13. The applicant submitted that the right of appeal included a right that a second-instance court decide an appeal against a first-instance decision. That had been provided in section 12(5) of the Bankruptcy Act as valid at the time. As to the domestic practice, he argued that the domestic courts were entitled to clarify certain issues of substantive law, in particular when there was a legislative gap, but they could not interpret statutory provisions so as modify the procedural rules.

2. The Court’s assessment

14. The applicable general principles concerning the right of access to a court have been summarised in Zubac v. Croatia ([GC], no. 40160/12, §§ 76-79, 5 April 2018).

15. In the present case, the applicant’s appeal against the decision of the bankruptcy judge was dismissed by a three-judge panel of the first-instance court. The applicant’s appeal against that latter decision lodged under section 12(5) of the Bankruptcy Act was rejected as inadmissible by the Court of Appeal, which found that the bankruptcy panel was acting as a second-instance authority when examining the applicant’s appeal and that in such circumstances a further appeal against its decision was inadmissible.

16. The Court notes that section 12(5) of the Bankruptcy Act, as in force at the material time, provided that decisions of the bankruptcy panel could be appealed against to the Court of Appeal. In order to satisfy itself that the very essence of the applicant’s right of access to a court was not impaired by the Court of Appeal’s decision, the Court will examine whether the way in which the Court of Appeal interpreted and applied section 12(5) of the Bankruptcy Act was foreseeable from the point of view of a litigant and whether, therefore, the impugned measure in this case infringed the proportionality principle (see Lanschützer GmbH v.

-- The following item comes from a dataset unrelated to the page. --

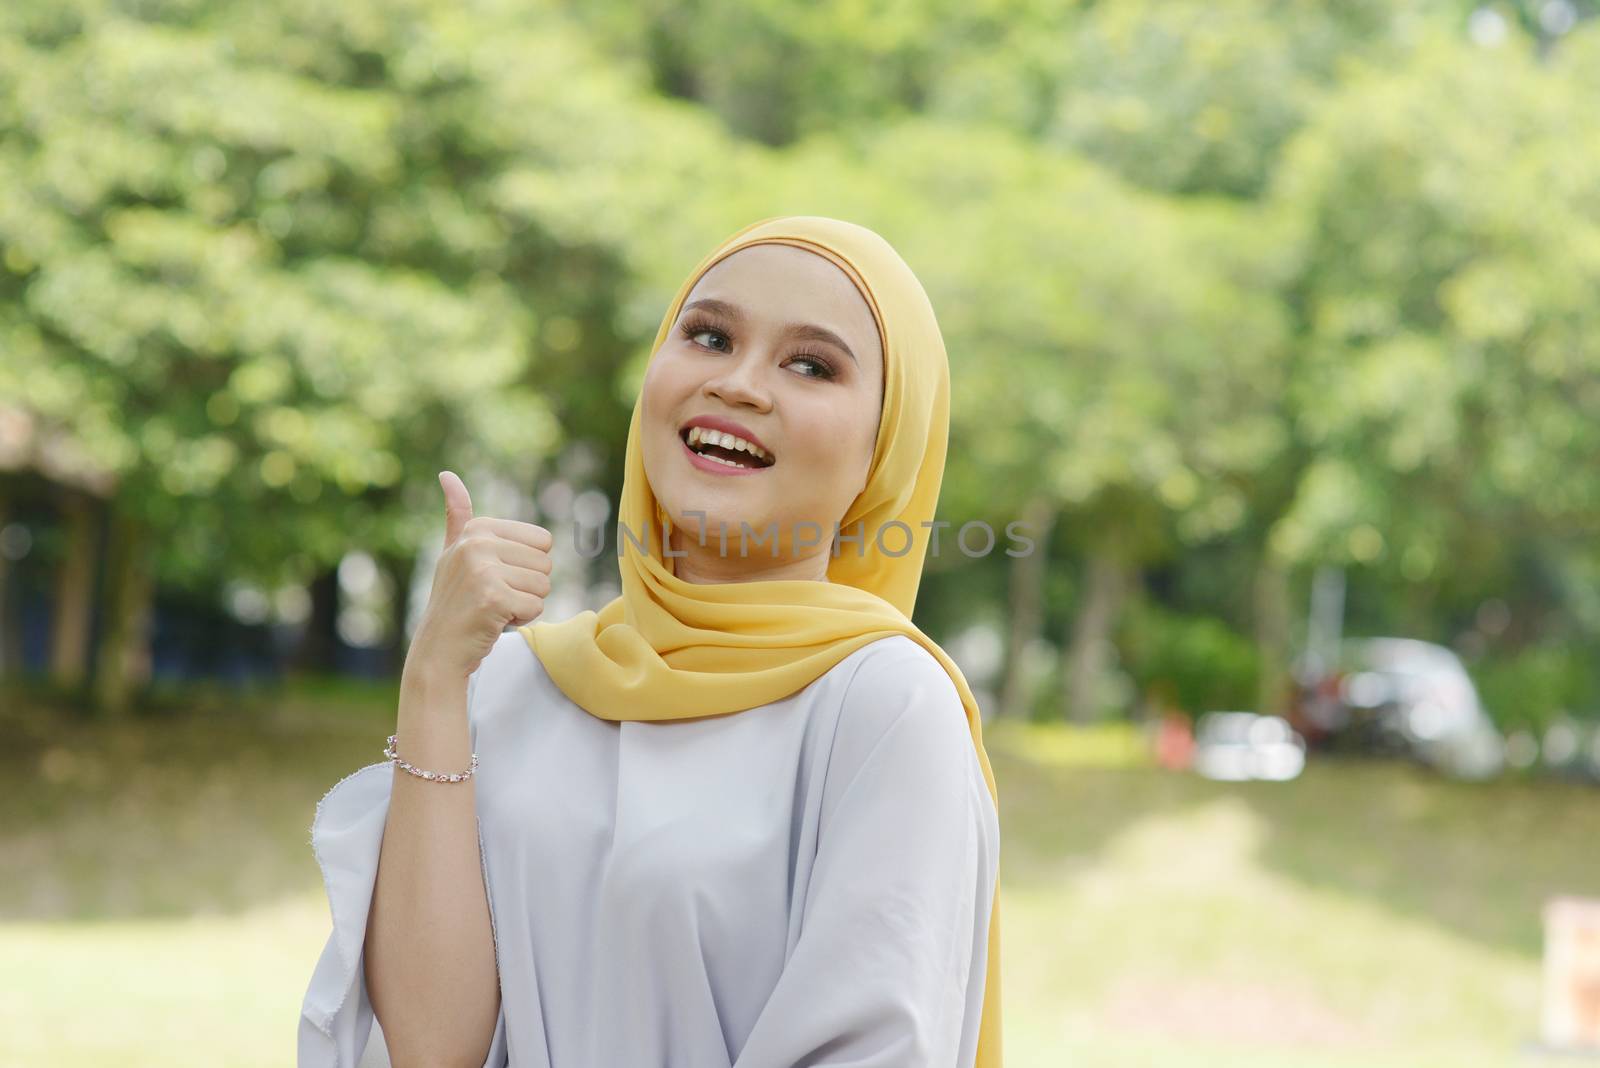 Muslim girl thumb up by szefei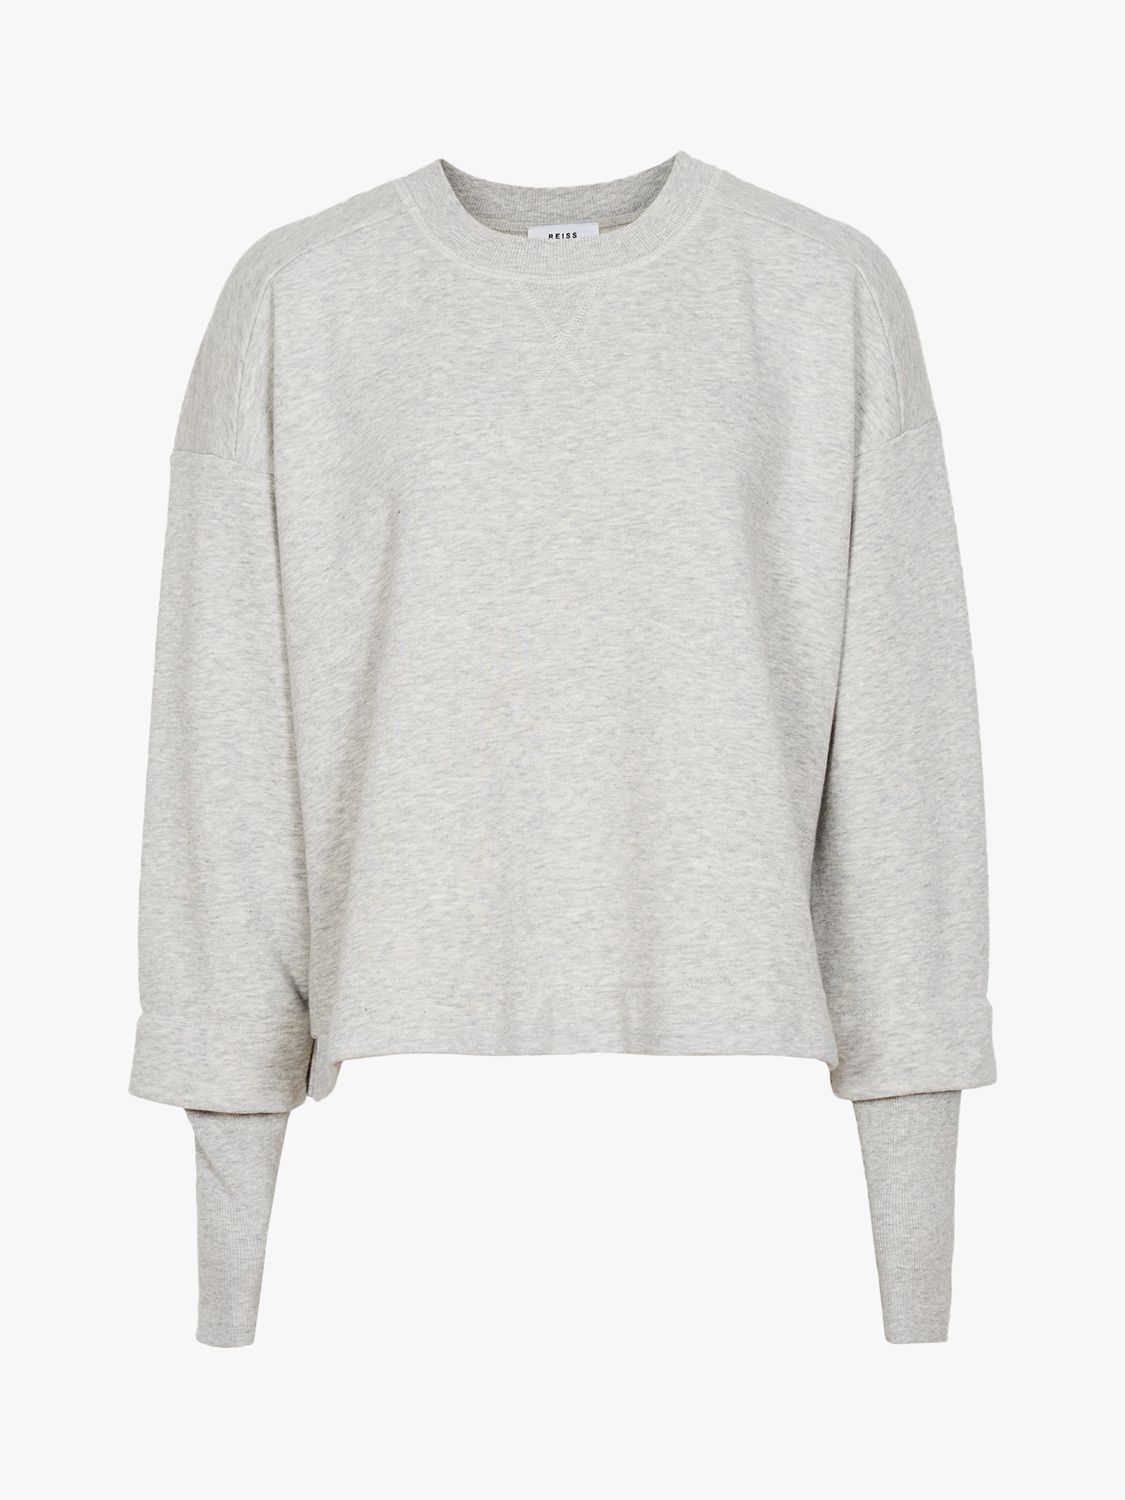 Reiss Abela Layered Sweatshirt, Grey, S

Austria (dec.), no. 17402/08, § 33, 18 March 2014, and Levages Prestations Services v. France, 23 October 1996, § 42, Reports of Judgments and Decisions 1996-V).

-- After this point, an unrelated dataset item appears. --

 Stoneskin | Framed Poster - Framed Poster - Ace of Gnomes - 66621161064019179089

17. In this connection, the Court refers to the examples of domestic practice (see paragraph 9 above) showing that the Court of Appeal had dismissed appeals against decisions of the bankruptcy panel taken in second-instance, as in the present case. Having regard to its limited jurisdiction as to the interpretation of domestic law, which is primarily a matter for the national courts, the Court does not consider that the manner in which the Court of Appeal interpreted section 12(5) of the Bankruptcy Act was arbitrary and unreasonable. Those decisions indicate a coherent domestic practice applied consistently, which would normally satisfy the foreseeability criterion with respect to a restriction of access to a superior court (see Zubac, cited above, § 88). The applicant was represented by a lawyer, who was in a position to ascertain whether in the circumstances of the case an appeal to the Court of Appeal, which would have been decided at third-instance, would have been admissible.

18. The Court further notes that the applicant applied to the Court of Appeal after his claim and appeal had been previously examined and dismissed on the merits by the single judge and the three-judge panel of the first-instance court. He raised no issue as to the fairness of the proceedings before those bodies (see Zubac, cited above, § 84 and the authorities cited therein). Therefore, the fact that his appeal was rejected by the Court of Appeal, as a third-instance authority, cannot be regarded as a denial of his right of access to a court.

19. In light of the foregoing and having regard to the proceedings as a whole, the Court considers that the very essence of the applicant’s right guaranteed under Article 6 § 1 of the Convention was not impaired. It follows that this complaint is manifestly ill-founded and must be rejected in accordance with Article 35 §§ 3 (a) and 4 of the Convention.

For these reasons, the Court, unanimously,

Declares the application inadmissible.

Done in English and notified in writing on 14 February 2019.